Use a fairly wide angle lens. Looking through the 50 millimeter lens gives the same
image as the eye sees. Later, all you need to make a "telephoto" is to crop the wide
angle picture. Just blow the picture up larger and then cut the sides and top. Most
pictures can look better if they are cropped. To see what the picture looks like before you
do the actual cutting, place the photo on a table and place pieces of paper over the edges
then adjust the papers until the picture looks best. Try to crop out things that don't belong
in the picture such as a hand, bright rocks that the strobe picked up (you should try to
avoid bright subjects in the foreground. Most contest photographers have to crop the
original negative to some extent to get the final "best" picture. If you take a telephoto,
you can not "uncrop" and add things back into the picture. A thirty-five millimeter lens or
a zoom lens set at 35 is a good choice. If your back is against the wall and you can't get
farther away to get everything into the picture, the wide angle is the solution.

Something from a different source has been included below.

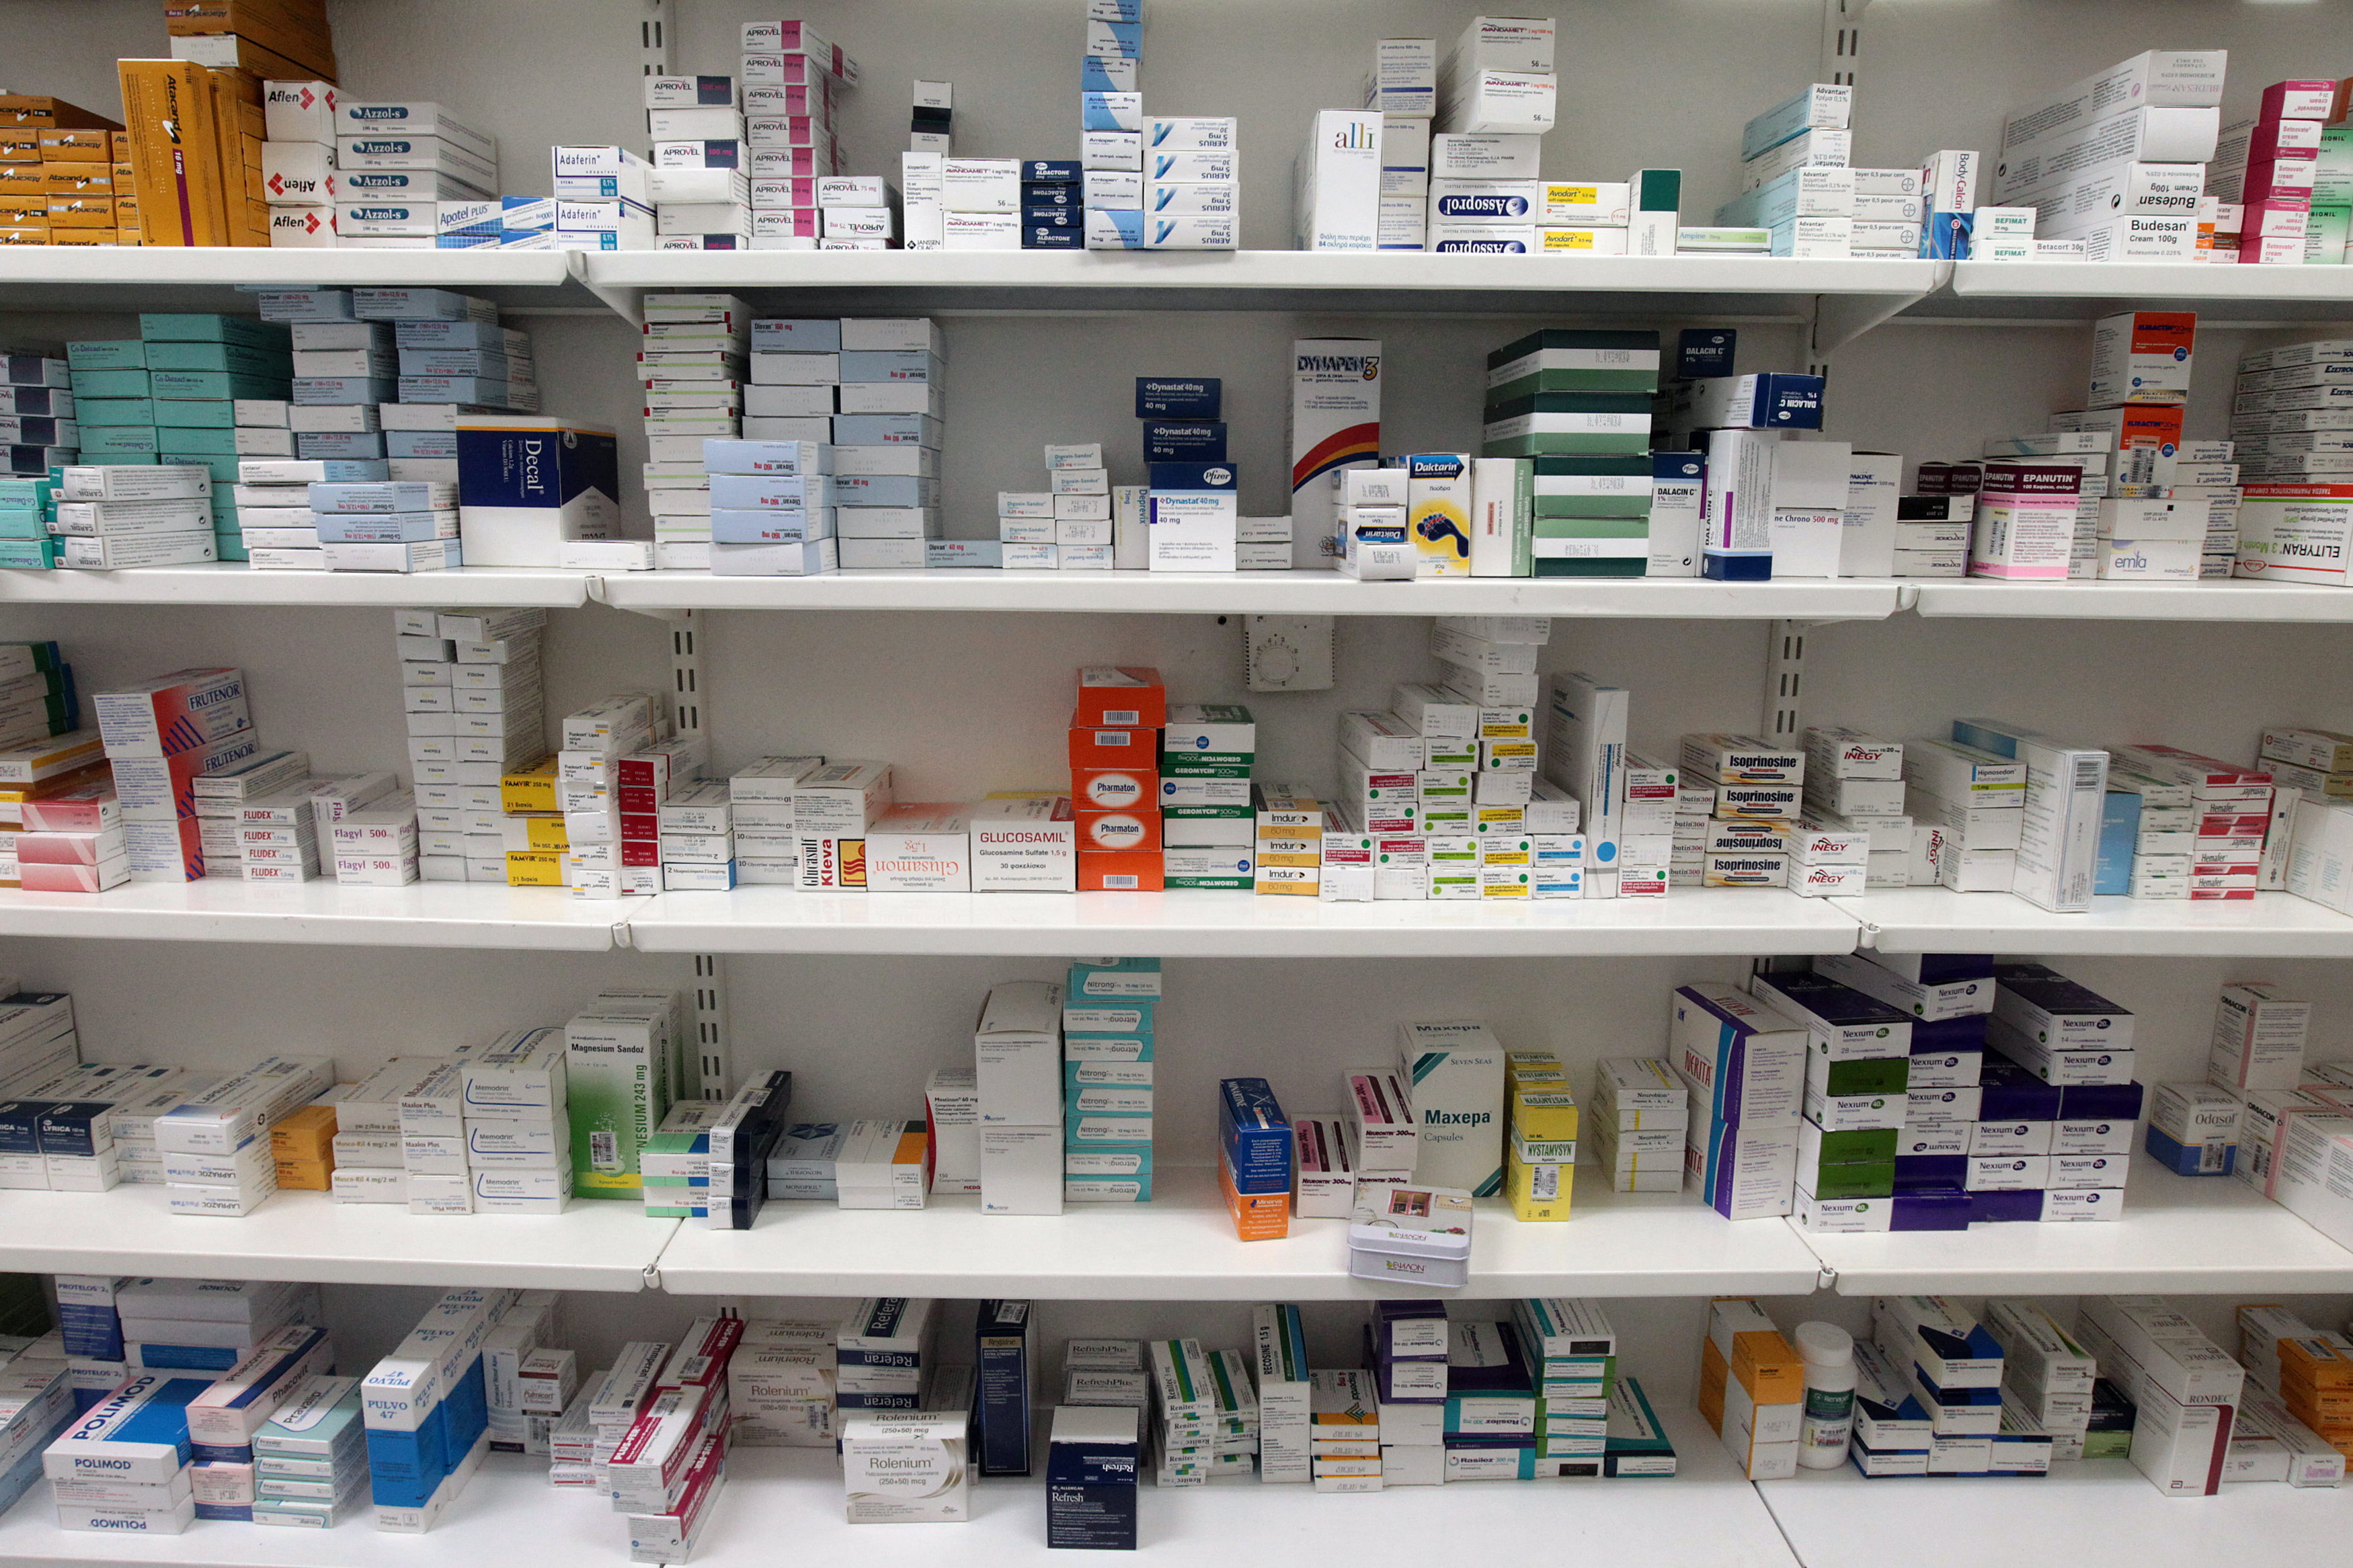 Γερμανία: Κλειστά τα φαρμακεία στις 14/6 - Οι φαρμακοποιοί διαμαρτύρονται για τις ελλείψεις φαρμάκων & τη "μανία λιτότητας" των ασφαλιστικών ταμείων

Flash bulbs: Avoid clear flash bulbs as they are set up for indoor film. Indoor film is
more sensitive to blue and puts the blue back into skin tones. Outdoor film with clear
bulbs will make faces "ruddy", better to use blue flash and outdoor film. ASA 400 high
sensitivity films are great for circus and clown pictures as they tend to exaggerate colors,
but these exaggerated colors are not flattering to the human face. Better to stick to the
less sensitive films that are in the ASA 100 range. When you show your pictures to those
that you took, they are not going to like the ruddiness of their faces that the hot films
produce. The color labs that develop the film can correct for color balance, but they have
no way of correcting too much color.